November 28, 2011 / 1:33 PM / in 6 years

Cameco quits Hathor race, leaving Rio's C$654 million bid

TORONTO (Reuters) - Cameco Corp CCO.TO said on Monday it is backing out of a bidding war for Hathor HAT.TO, after Anglo-Australian miner Rio Tinto RIO.AX sweetened its bid for the Canadian uranium explorer to C$654 million.

“After careful consideration we cannot justify increasing the price beyond our current offer and accordingly, we will let our offer lapse,” said Tim Gitzel, chief executive of Cameco, Canada’s largest uranium miner.

Cameco and Rio have been locked in a battle to acquire Hathor, which controls the large exploration-stage Roughrider project in the uranium-rich Athabasca region of Saskatchewan in Western Canada. Both companies see demand for uranium growing despite the pressure on the nuclear industry in the aftermath of the Fukushima disaster in Japan.

Allowing the bid to lapse will not set back Cameco’s plan to double annual uranium production to 40 million pounds by 2018, Gitzel said in the statement.
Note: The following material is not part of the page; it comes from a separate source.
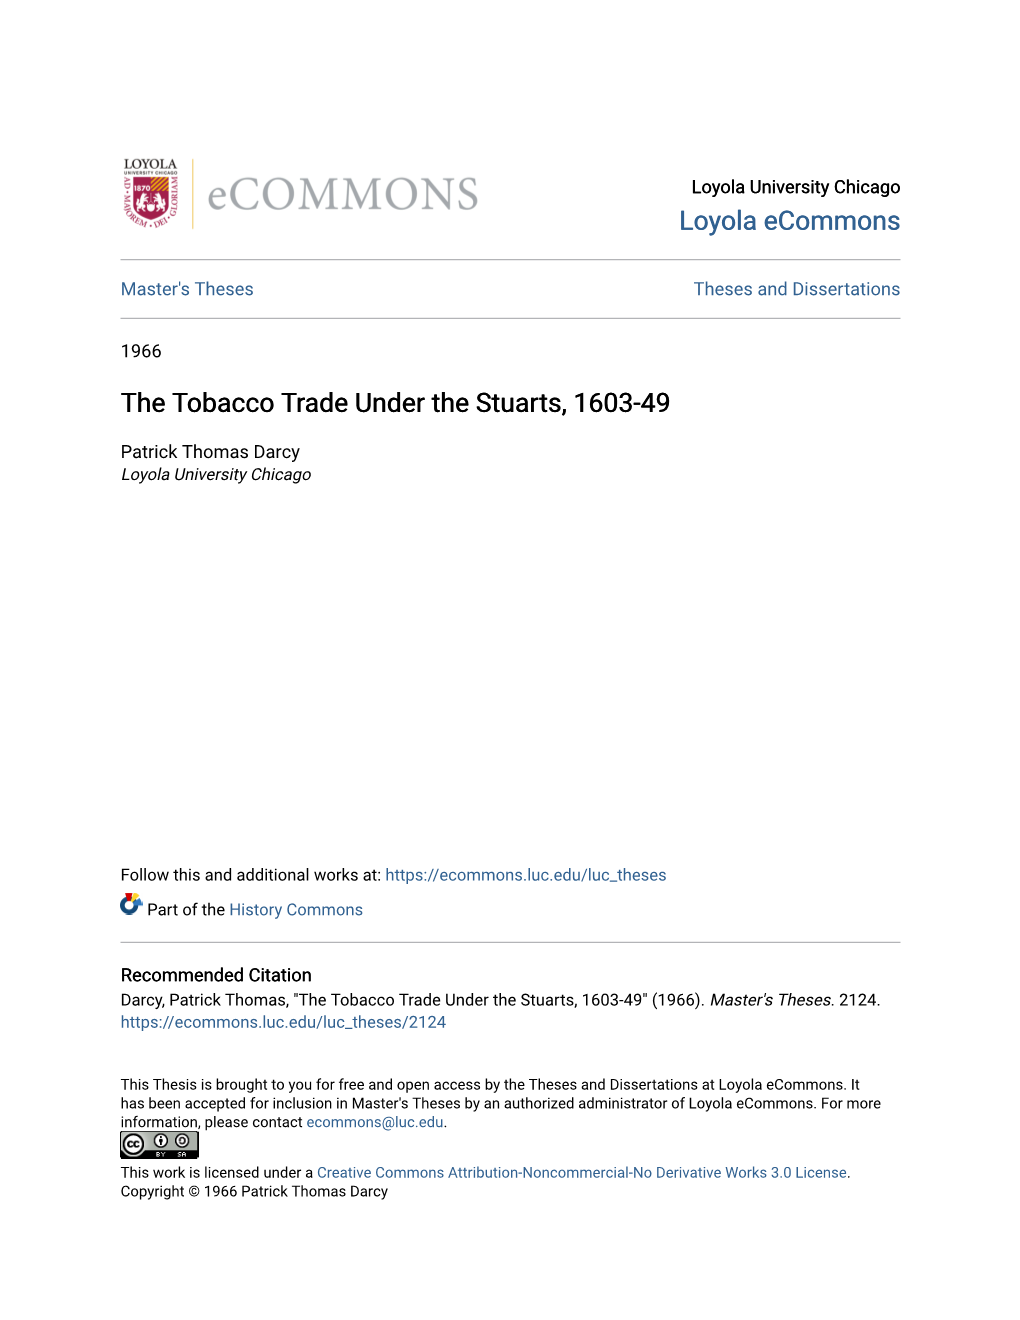 The Tobacco Trade Under the Stuarts, 1603-49

Even so, investors may worry that missing out on Hathor will make it more difficult for Cameco to reach that goal, BMO Capital Market analyst Edward Sterck said.

Cameco has struggled with delays at its Cigar Lake project in Saskatchewan and with permitting issues at its U.S. assets.

“While acquiring Hathor was not essential for Cameco to meet guidance on BMO Research’s forecasts, the acquisition would likely have provided the company with production flexibility,” said Sterck.

The Roughrider project is located just 25 km (15 miles) southeast of Cameco’s Rabbit Lake mill and has the potential to produce at least 5 million pounds of uranium a year.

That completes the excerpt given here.